Gideon took it from him, and for a moment stood staring down at it, his face very pale, and the lines about his mouth and jaw suddenly accentuated. The stains had grown brown, but Gideon knew bloodstains when he saw them, and his gorge rose. He laid the handkerchief down, his long fingers quivering, and raised his head, and looked at Mr. Liversedge. Mr. Liversedge had known from the moment that he had mentioned the olive coat that he had struck home. He had not failed to remark that betraying quiver of the fingers. He smiled indulgently; he would have been excited himself, he reflected, if he realized all at once, as Captain Ware had, how close he stood to a Dukedom. Then he met the Captain's eyes, and in the very short space of time granted him for rumination he thought that they blazed with the strangest light he had ever seen in a fellow-creature's eyes. He had even a sensation of being scorched, which was perhaps not surprising, since Gideon was seeing him through a hot, red mist.

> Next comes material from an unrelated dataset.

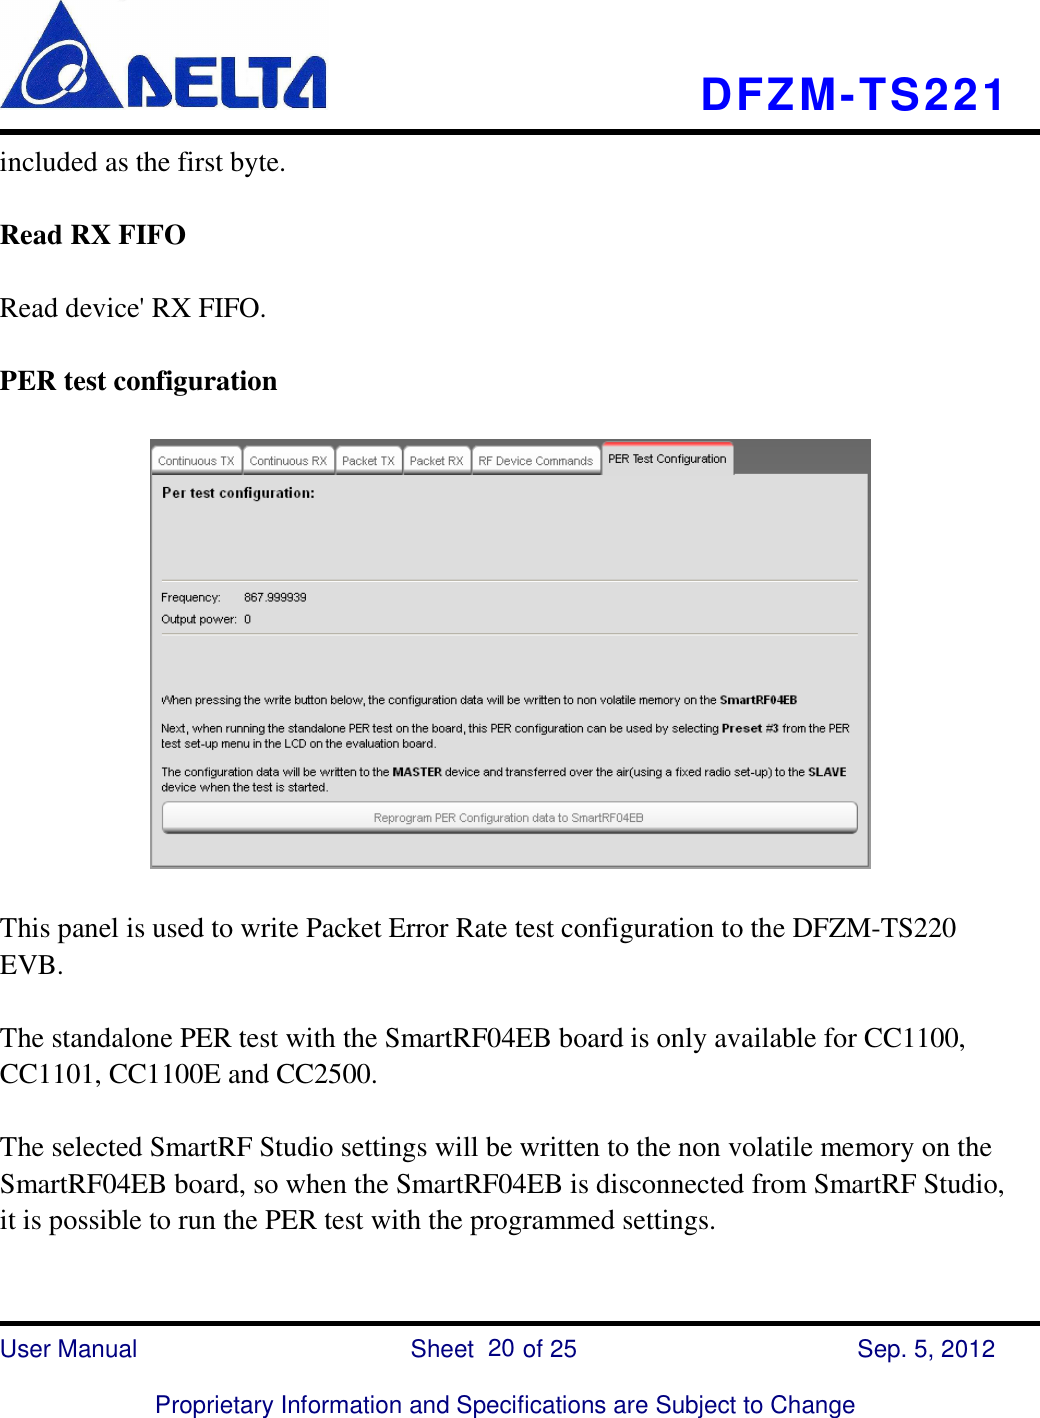    DFZM-TS221    User Manual                            Sheet        of 25      Sep. 5, 2012  Proprietary Information and Specifications are Subject to Change 20 included as the first byte.  Read RX FIFO  Read device&apos; RX FIFO.  PER test configuration    This panel is used to write Packet Error Rate test configuration to the DFZM-TS220 EVB.  The standalone PER test with the SmartRF04EB board is only available for CC1100, CC1101, CC1100E and CC2500.  The selected SmartRF Studio settings will be written to the non volatile memory on the SmartRF04EB board, so when the SmartRF04EB is disconnected from SmartRF Studio, it is possible to run the PER test with the programmed settings.  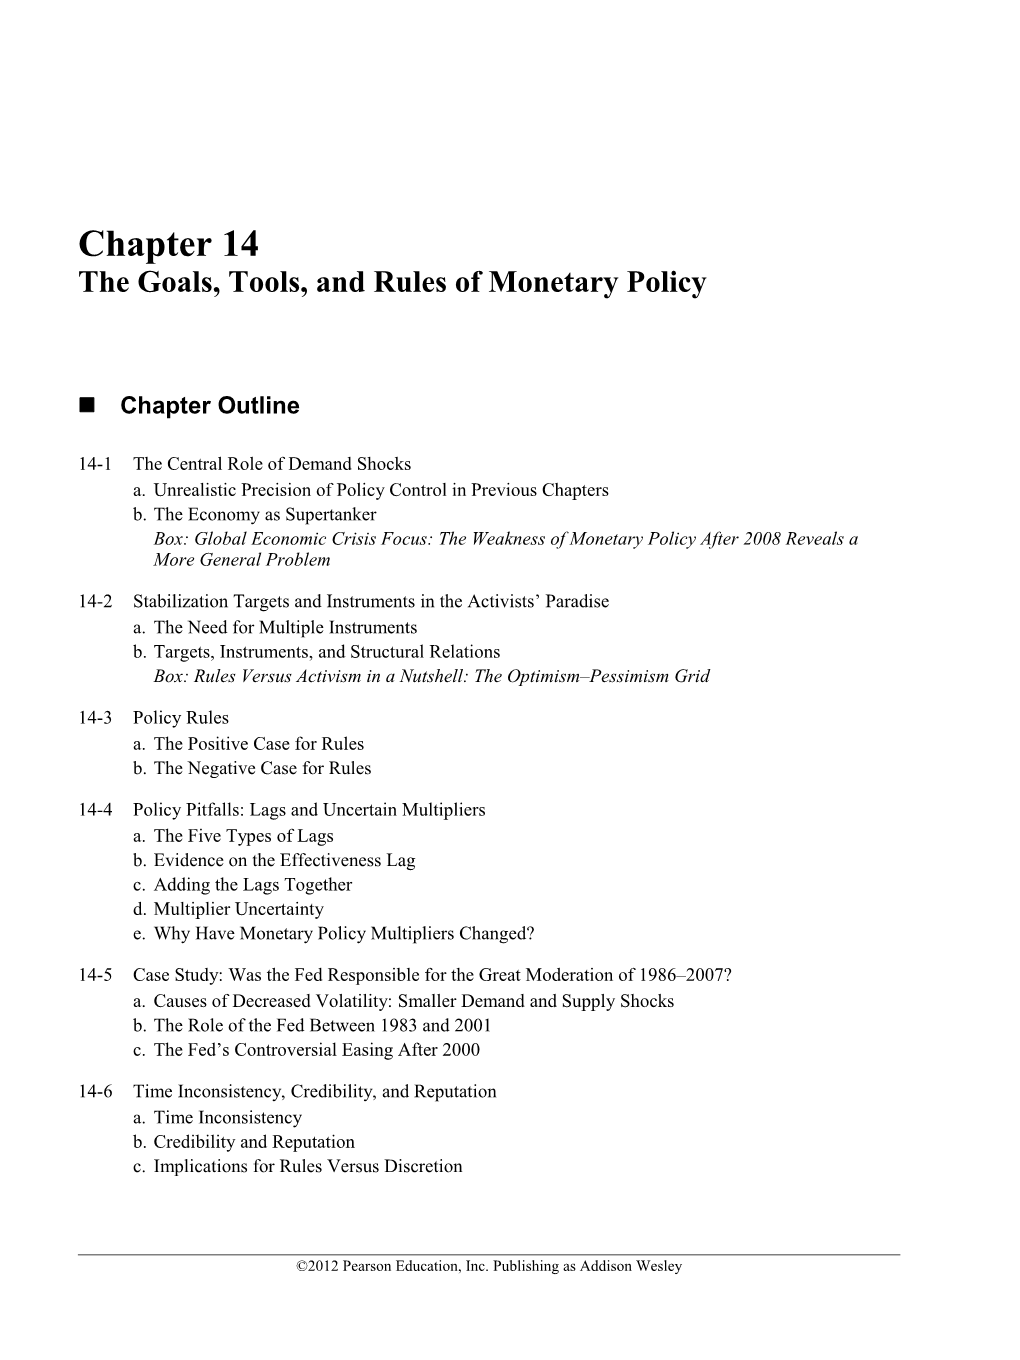 Chapter 14 the Goals, Tools, and Rules of Monetary Policy

The next instant, Mr. Liversedge, no puny figure, had been plucked from his seat, and two iron hands were throttling him remorselessly, shaking him savagely as they did so. While he tore desperately at them, his starting eyes stared up in filming horror into a face dark with rage, with lips curling back from close-shut teeth, and nostrils terrifyingly distended. Before his vision failed, Mr. Liversedge read murder in this face, and knew that for once in his life his judgment had been at fault. Then, as his eyes threatened to burst from their sockets, and his tongue was forced out between his lips, he saw and knew nothing more. As he lost consciousness Gideon cast him from him, and he fell in an inert heap on to the floor.